The Fed retreats from the repo market: A catalyst to DXY Rally?
According to the news published on Financial Times; The Federal Reserve is accelerating the pace of its withdrawal from short-term funding markets, even as investors’ demand for the central bank’s cash remains elevated.
The New York arm of the Fed announced on Thursday that it will further cut the size of its interventions in the repo market, where investors exchange high-quality collateral such as Treasuries for cash. It is the latest step in its attempt to wean investors off the funding it has provided since short-term borrowing costs spiked in September.
The new plan reduces the maximum amount the Fed will lend overnight each day from $120bn to $100bn — a change that will kick in on Friday. Moreover, the Fed will limit the amount it will lend in the form of two-week loans to $25bn as of Tuesday, from its current $30bn offering, and pare that amount even further in early March. At that point, the Fed will lend a maximum of $20bn on a two-week basis.

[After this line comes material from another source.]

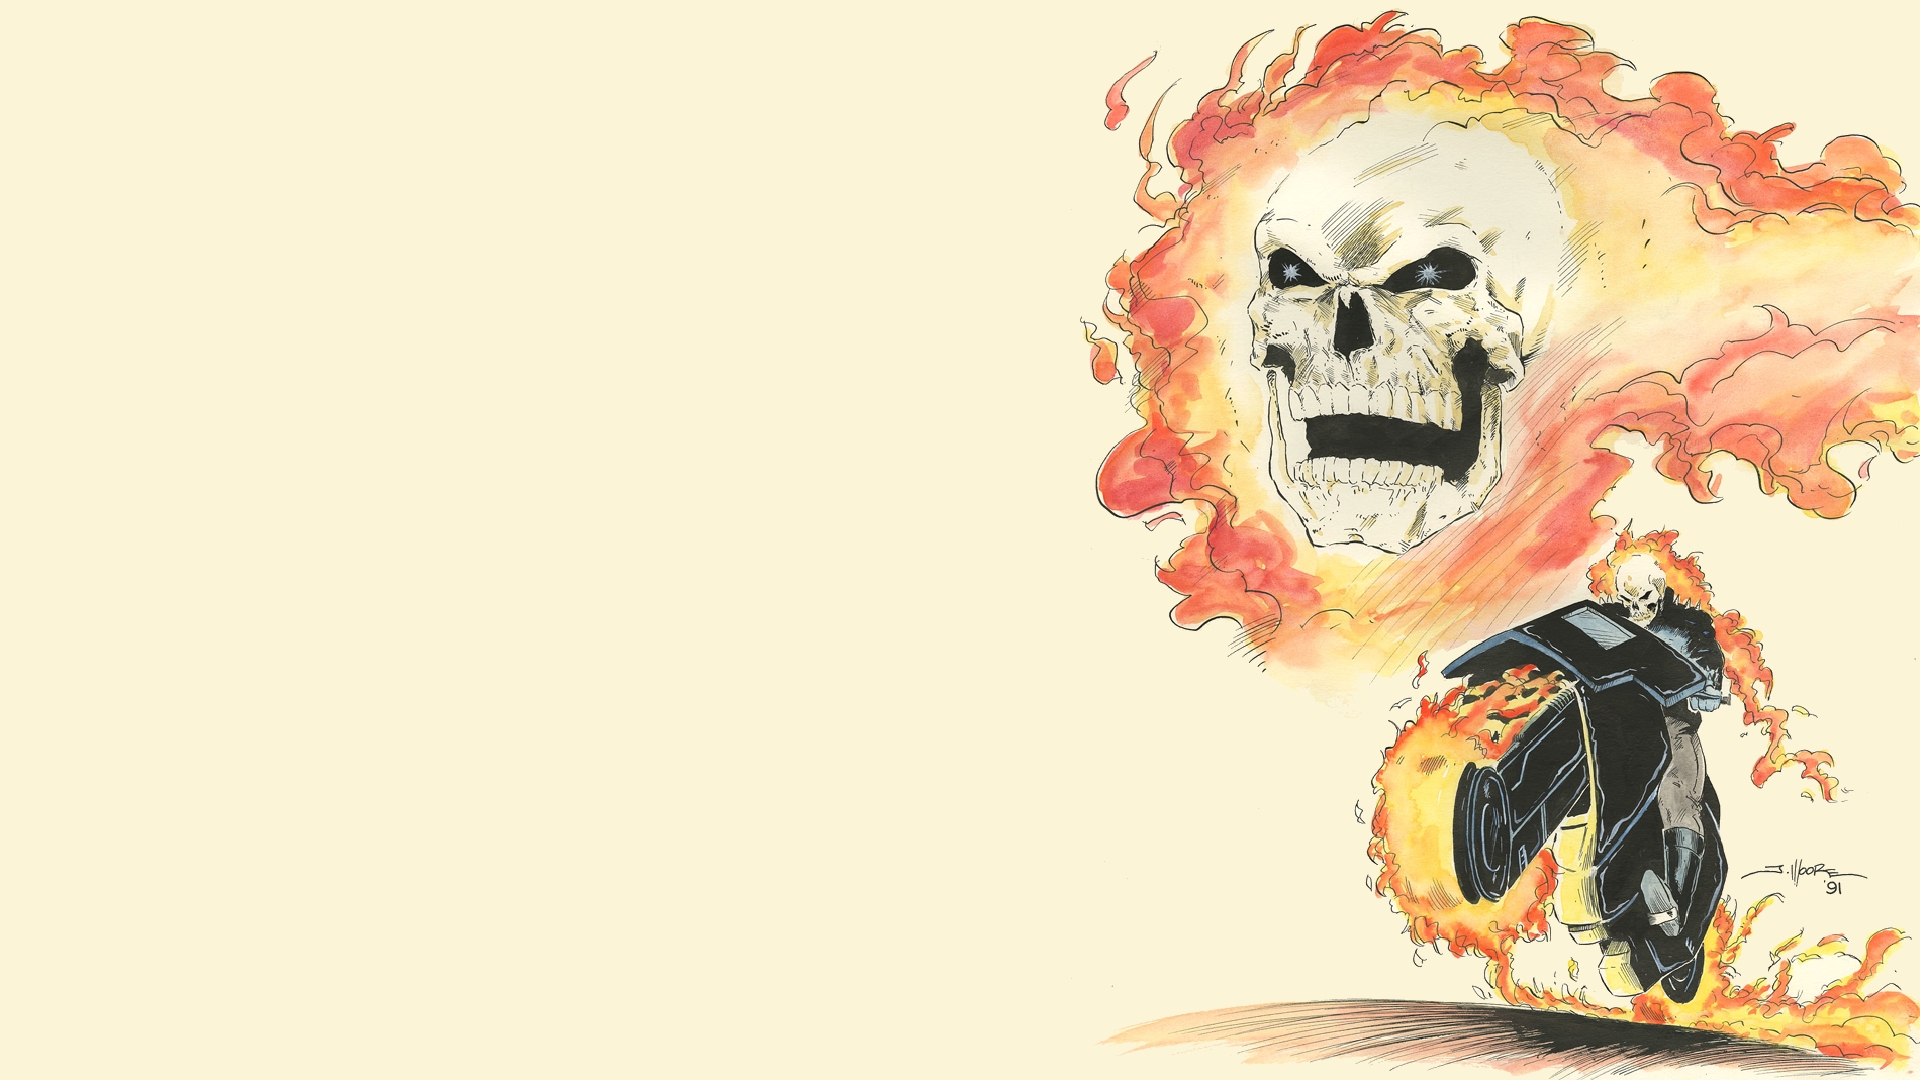 Comics Ghost Rider HD Wallpaper | Background Image

Mr Powell said this week in testimony to Congress that he expects the amount of bank reserves — or cash held at the central bank — to return later this year to a level sufficient to avoid a repeat of September’s cash crunch. It is widely thought that the repo market went haywire five months ago because reserves had dropped too low and banks were holding back from short-term lending.
The Fed has been buying $60bn of short-dated Treasury bills each month to increase the amount of cash in the system, and therefore reserves. Banks currently hold $1.58tn in reserves at the Fed — up from $1.3tn in September.
Demand for the Fed’s cash remains high, however, with the four most recent two-week loans generating demand roughly two times the $30bn that was on offer. Analysts have attributed the elevated amount of bids to the fact that the rate at which the Fed is providing its funding has been relatively low, less than 1.6 percent on average.
Dollar Index, EURUSD, Gold and the U.S. Indices:
How this new state of “lack of cheap cash” may impact the markets?
DXY is being priced at 99.13 as of writing. Technically, the index is in overbought conditions. As seen on the chart, a bearish AB=CD pattern would be completed at 99.35. The psychological resistance: 100. It could be very difficult to break this barrier.
However; the dollar continues to regain strength due to the strong US economy, weak outlook in global economies, real interest rates, perception of risk off, and poor performance of other currencies.
If the bulls can break 99.40 resistance, the targets of the index will be 99.70 100.00 and 100.60.
On the EURUSD side, the picture is clean. We keep our targets unchanged: 1.08000, 1.07400, 1.06800, 1.06200 and 1.04800.
A potential break out of 100 physiological barriers would set a limit to the Gold Prices. Unless it breaks and closes above 1600, we may see a pullback towards 1500 $.
No cheap cash, no happiness. A fresh DXY Rally will be the end of the U.S Indices rally as well.